Hundreds of Teens March in Maple Grove to Honor George Floyd
More than 25 miles away from the site of George Floyd’s fatal encounter with Minneapolis police, students showed up by the hundreds to Maple Grove’s Rice Lake Elementary School.
“This event is kind of just to bring everyone together and show that the black community has Maple Grove’s support,” said Chris Owusu, a senior at Maple Grove Senior High.
Maple Grove Senior High’s racial equity group, R.E.A.L. Talk, organized Monday’s March as a way to take a stand against racial injustice. Katya Cuthbert, a University of Minnesota student from Maple Grove, wanted to do her part to help.
“Maple Grove is actually 85 percent white,” Cuthbert said. “And being a white woman, I have a lot of white privilege, and even if it’s something you’re not conscious of, it’s our part to learn about it and learn how to help, and learn how to stand up for my friends who are of color.”
It’s a message she hopes people in the city hear loud and clear.
Blocking traffic to get their message across
To get the word out, this youth-led march blocked traffic along busy streets, echoing a scene that’s played out throughout Minneapolis and other major cities around the world over the past two weeks.

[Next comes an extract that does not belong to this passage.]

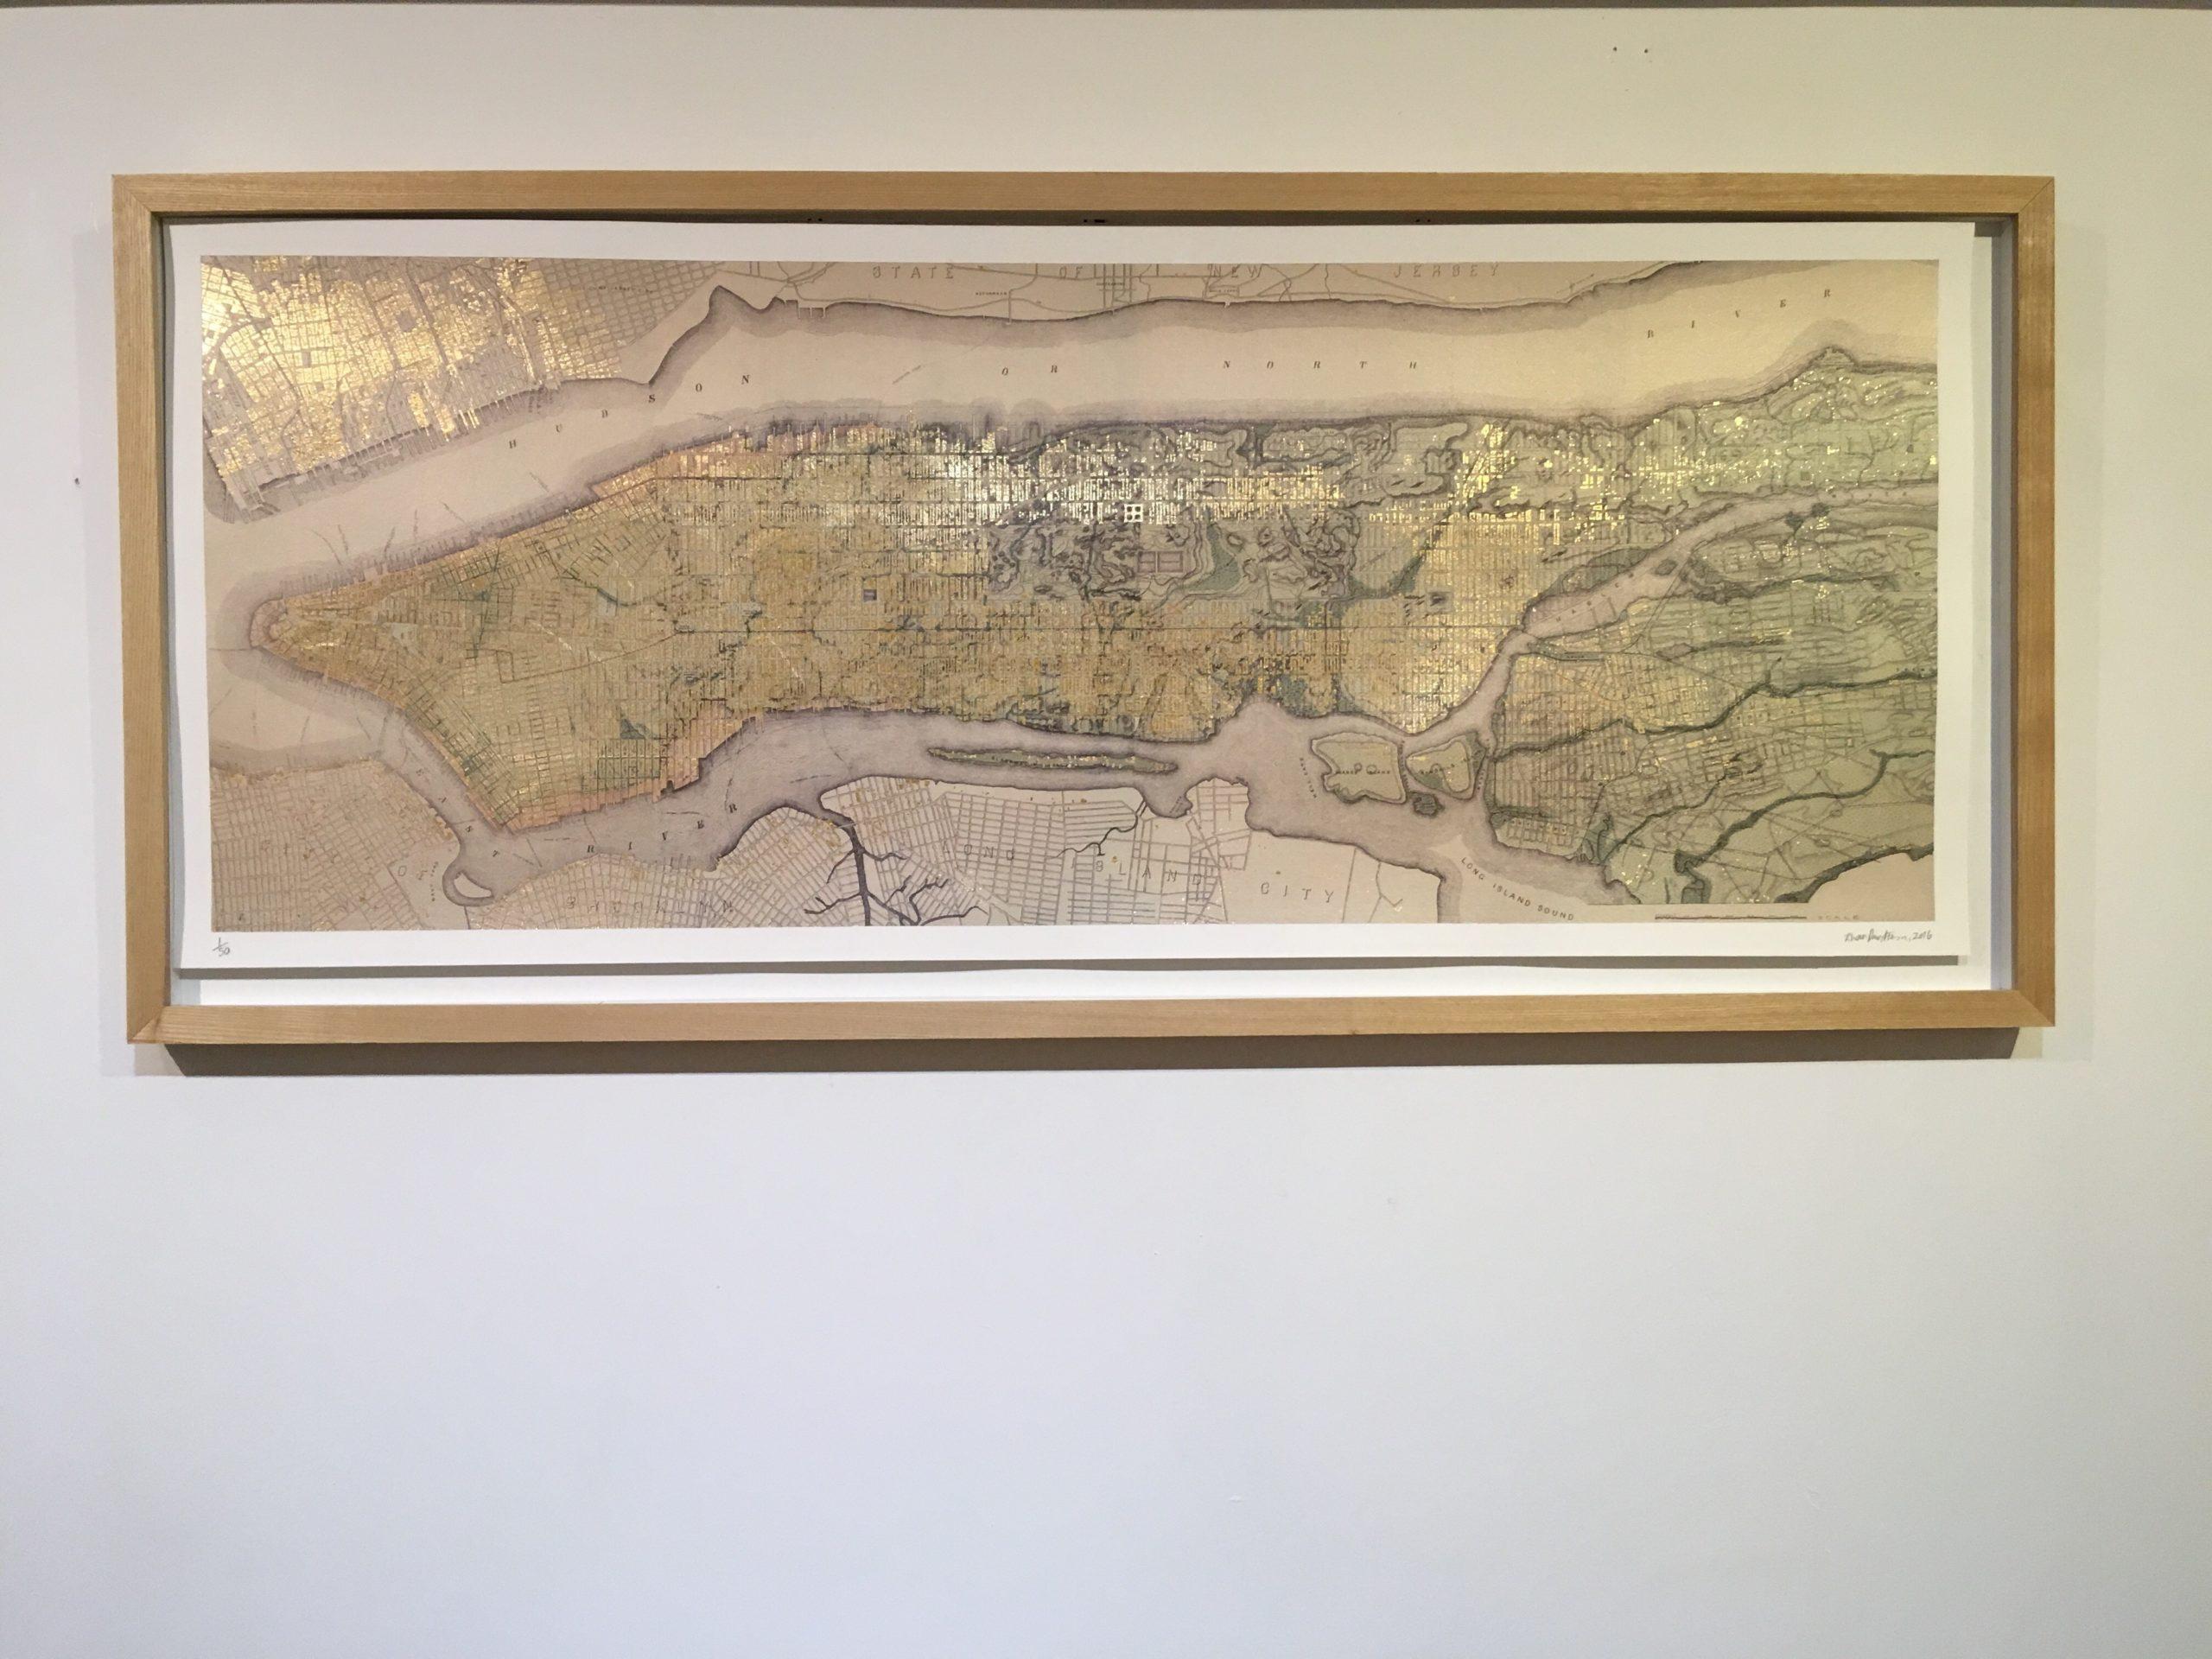 Sacred City, New York - contemporary New York Manhattan map gold leaf ink print - Print by Ewan David Eason
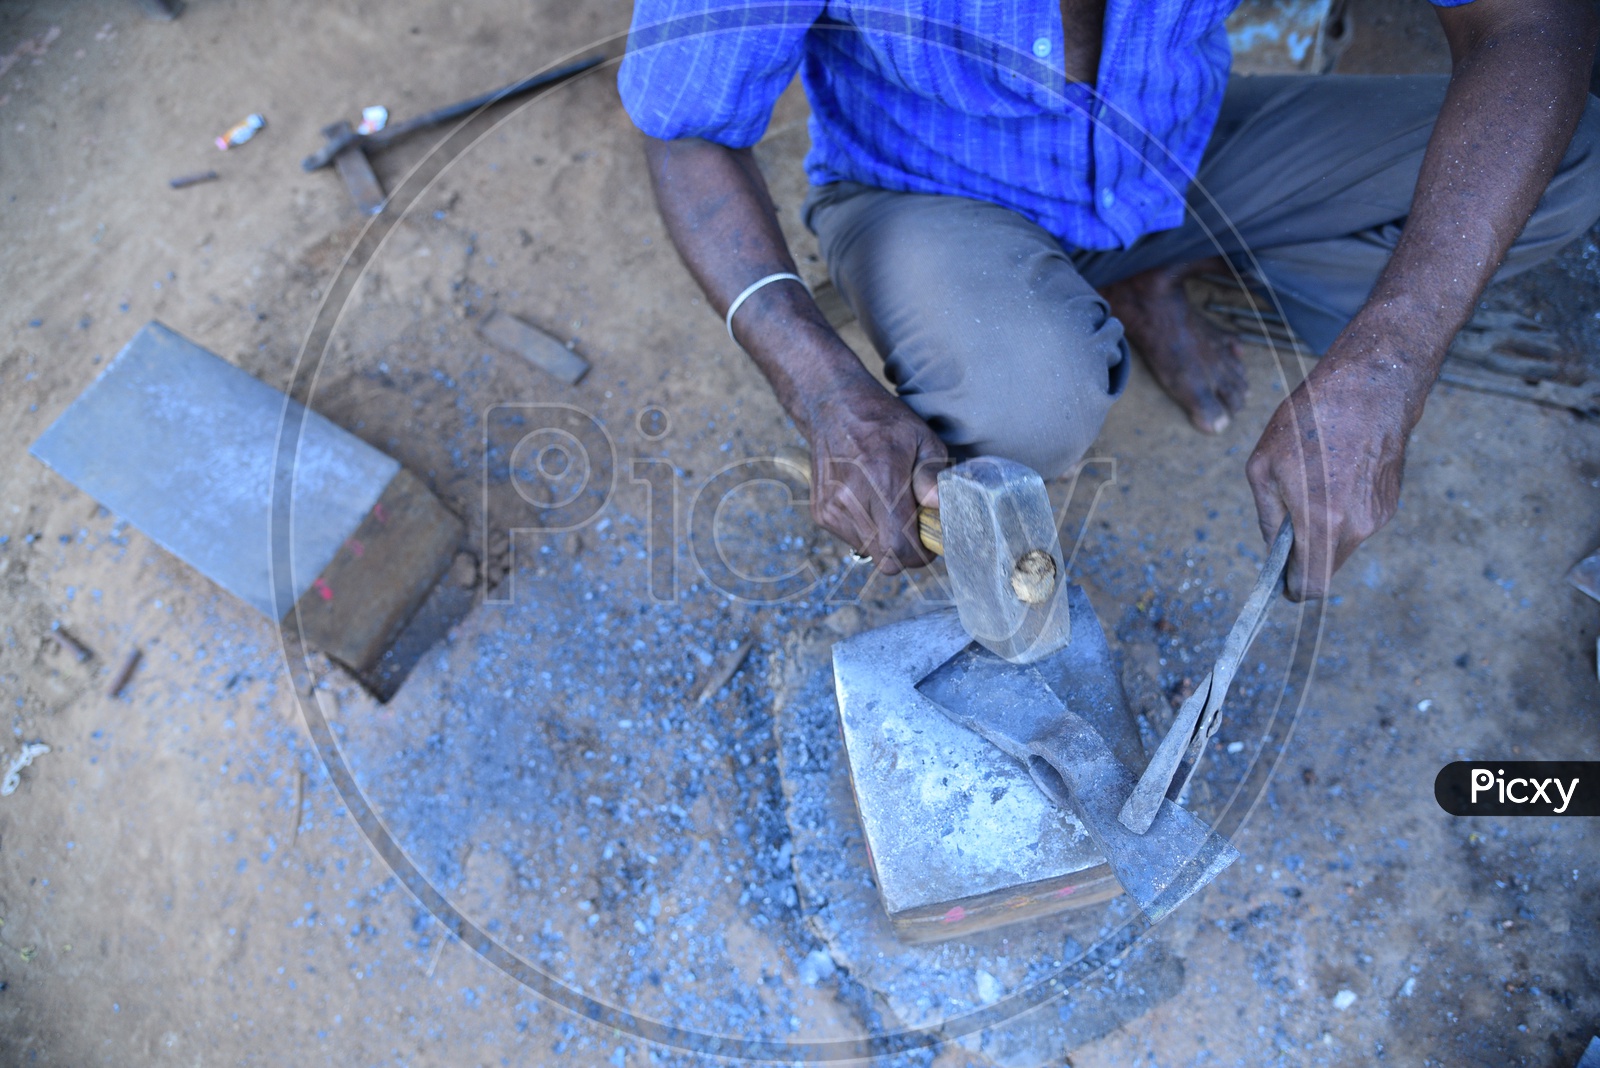 Indian Blacksmith Shaping the Hot Metal using Hammer

“I think oftentimes we say the children are the future, but they are the present,” said Sharla Foster, an adult helping with the event. “They see what’s happening right now. They have voices that we need to be listening to. We’re expecting them to be the ones to take care of my generation.”
On Monday, those voices made the case that, although Maple Grove is far from the epicenter of the civil unrest, residents shouldn’t sit silent.
“Silence is part of the problem,” said Owusu, the Maple Grove senior. “I want the white community to feel comfortable to speak up, and not feel like what they’re saying isn’t authentic.”
After making a one-and-a-half mile, peaceful march through the streets of Maple Grove, it all ended at the town green for an afternoon of art, poetry and songs.